Yeah, and it was really pleasant telling my mom that not only are you polishing off a bottle of wine every other day or more, but that you’ve also gone through four bottles of amaretto in a month, and half a bottle of 155 proof rum in a couple of weeks. Mom’s all for pouring out all the alcohol, and I’m happy to help. Learning to refer to my own father as an alcoholic when I’m 39 years old sucks crusty elephant balls.
To myself: get your pasty ass out to the garden and take care of it the way you planned when you started this whole thing. The reason more than half your seeds did not germinate is because you didn’t prepare the soil well enough. Yes, you’re broke and can’t buy all the cool gardening gizmos you like. No, you haven’t found a way to haul compost or mulch in. But you have a brain, you have muscles, and you need the physical exercise. So get FUCKING BUSY.
Don’t beat yourself up, phouka. The seeds might not have come up because they were eaten by birds, or - if your garden is anything like mine - they might have sprouted and promptly been mowed down by pillbugs and snails.
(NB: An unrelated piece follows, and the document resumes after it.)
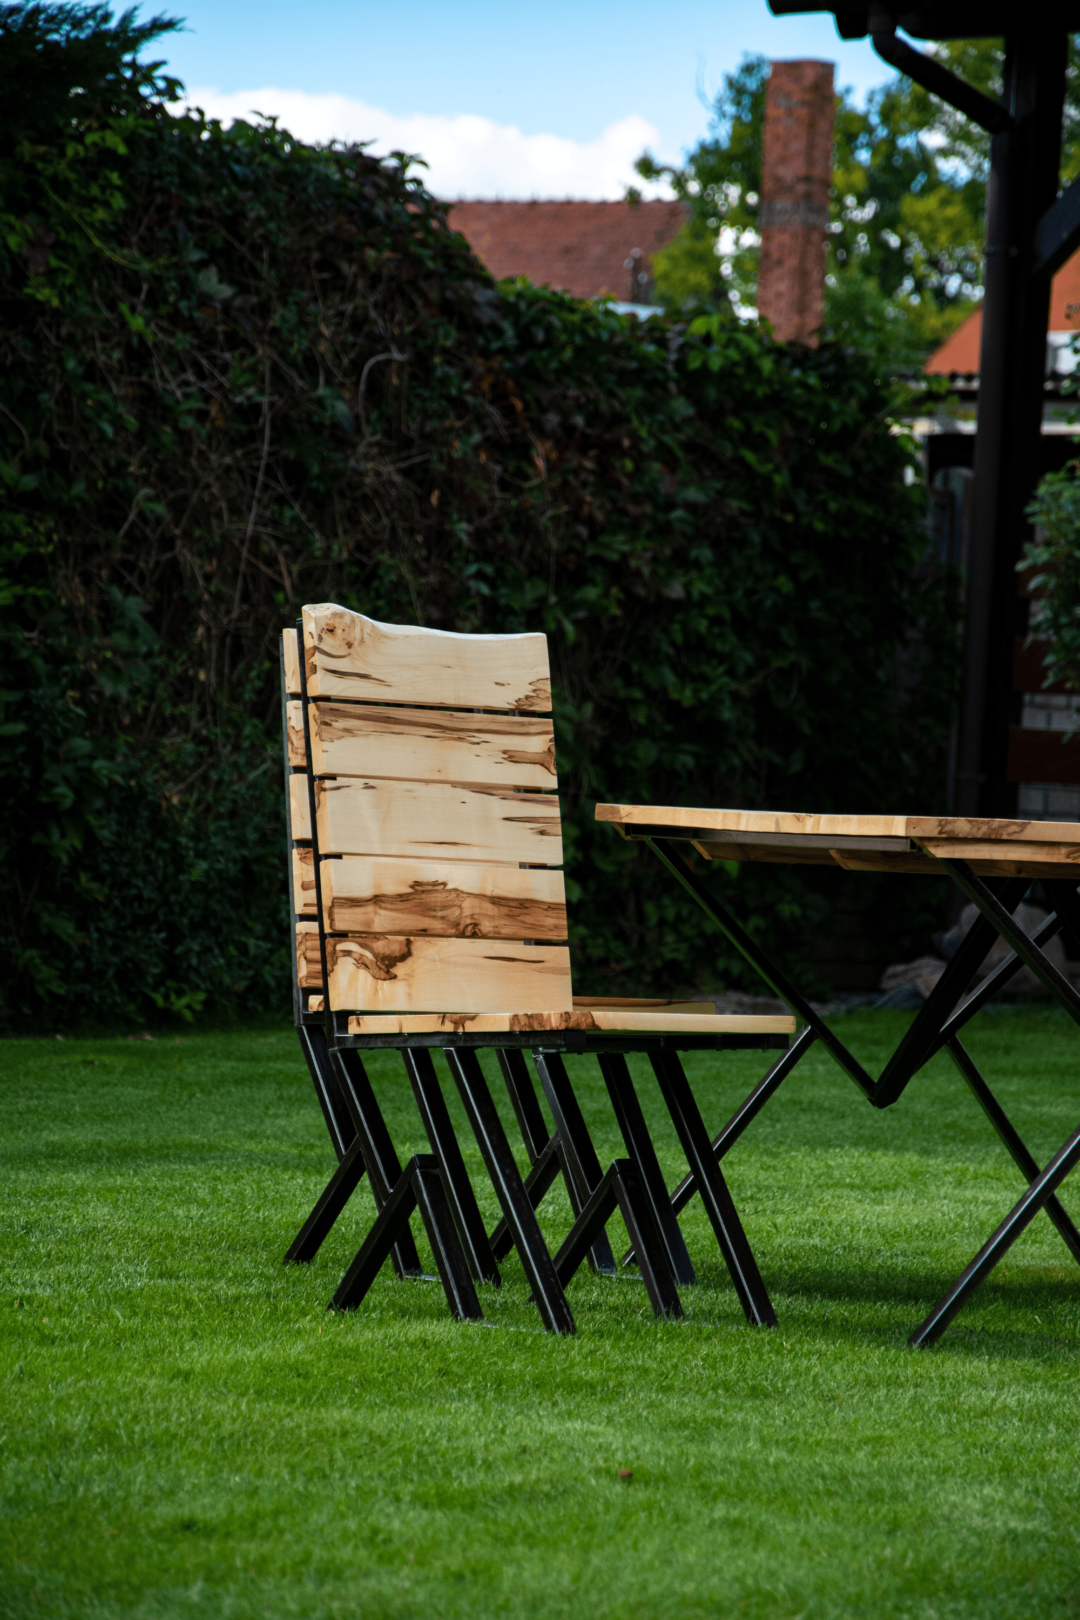 Krzesło ogrodowe Family z litego drewna klonowego i surowej stali, część zestawu mebli ogrodowych do ogrodu,domu,restauracji,jadalni,hotelu

Even plants that aren’t normally bothered by bugs are pretty tender and tasty as newly-sprouted seedlings.
That said, get yer ass outside.
WTF is Wendy Williams? Did she used to be a man? Is she deaf? How many people turned GSN down before they got to the bottom of the list she must have been on? Is Carrot Top dead?
You know, back when Baggage premiered, I honestly thought the state of the game show couldn’t possibly get any lower. Then Love Triangle premiered.
In answer to your question, I’ve made a provisional decision that she is actually a cis-woman. Only after careful observation and research, however. My first impression was “drag queen”, actually.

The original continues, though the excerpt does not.